10:18 – Carson: we have to oppose Putin in Middle East. But it’s very complicated. Carson’s plan for ISIS: We have to make them look like losers. We do that by taking their oil fields and then destroying them. “We could do this, I believe, fairly easily.” Carson says he learned that from “several generals.” Names, please!

10:22 – Bush says America needs to lead in the Middle East. But his plan is distinctly small-bore: no-fly zone, support the rebels, think about the refugees.

10:24 – Trump is now in full ADD mode on foreign policy. Syria! China! Putin! Ukraine! Germany! But we can’t be policeman of the world.

10:26 – Bush says Trump is full of shit. Trump says we have no idea who the rebels are. Look at Libya. Look at Iraq. He almost sounds like a Democrat. Almost.

None of this was terribly inspiring, and Amanda Marcotte adds this:

Rand Paul had a momentary and clearly unwelcome brush with reality. After hours of hearing one candidate after another indulge the childish fantasy that we can cut taxes and balance the budget, apparently only by cutting food stamps, Paul broke every rule in the Republican playbook and pointed out that military spending is a huge sinkhole for taxpayer money.

“How is it conservative to add a trillion dollars in military expenditures?” Paul sniped at Marco Rubio during one particularly heated moment in the debate. “You cannot be a conservative if you’re going to keep promoting new programs that you can’t pay for.”

Rubio, facing a clearly unexpected challenge to the widespread Republican notion that you can cut taxes and eliminate the debt without cutting a dime on Republican-cherished budget items like the military, got flustered and tried to deflect with fifth grade debating tactics. “We can’t even have an economy if we’re not safe,” he whined. “There are radical jihadists in the Middle East beheading people and crucifying Christians.” Luckily, we were all spared him whipping out an American flag and a cross and asking us to pray for him, but you could feel it was probably coming if Paul kept pressing his point.

That’s cool, but there were few other brushes with reality:

Republicans haven’t changed their economic views over the decades. They continue to be the party that wants to enrich the wealthy at the expense of everyone else, economic or social consequences be damned… so the theme of the night was pretending that Republicans are here to protect the working Joe against the decadent elite as well as the vampiric poor.

Rubio … made it sound like opposing higher wages for working class people will somehow stick it to the educated elite: “For the life of me, I don’t know why we have stigmatized vocational education. Welders make more money than philosophers. We need more welders and less [sic] philosophers.”

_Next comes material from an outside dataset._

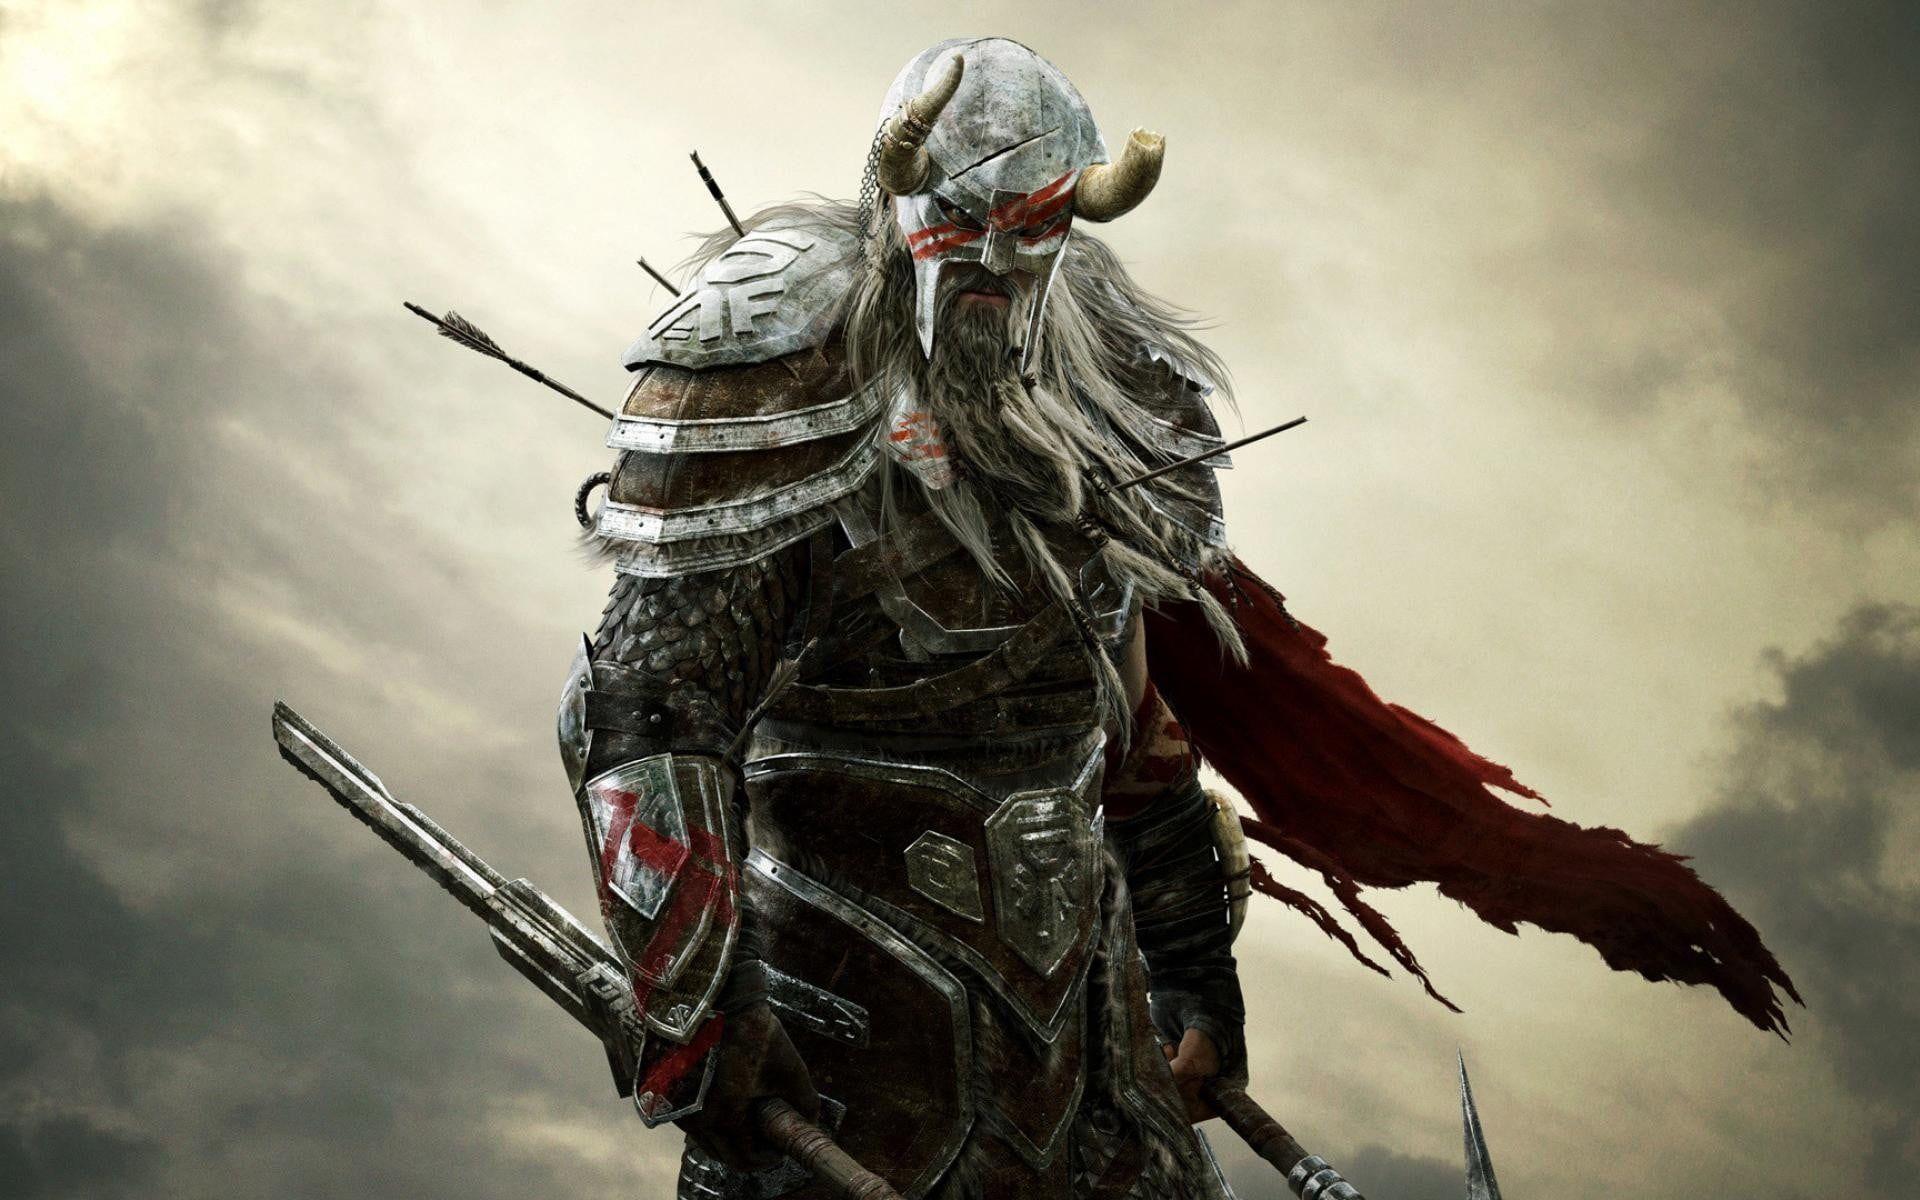 Nord Elder Scrolls Wallpaper Video Games The Elder Scrolls Online The Elder Scrolls Fantasy Art Warrior 1 Elder Scrolls Elder Scrolls Online Skyrim Wallpaper

He meant “fewer” philosophers, not that it mattered:

The audience, stoked by years of right wing media telling them to hate pointy-headed intellectuals, ate it up. But this clearly practiced talking point really crystallized the strategy that nearly every candidate employed on stage, implying that the poor and the wealthy are somehow in cahoots to screw over the middle class. And so the next two and a half hours were spent listening to a bunch of rich Republicans who want to cut taxes for even richer Republicans all pretend that they are fighting for the little guy against those rich bad guys.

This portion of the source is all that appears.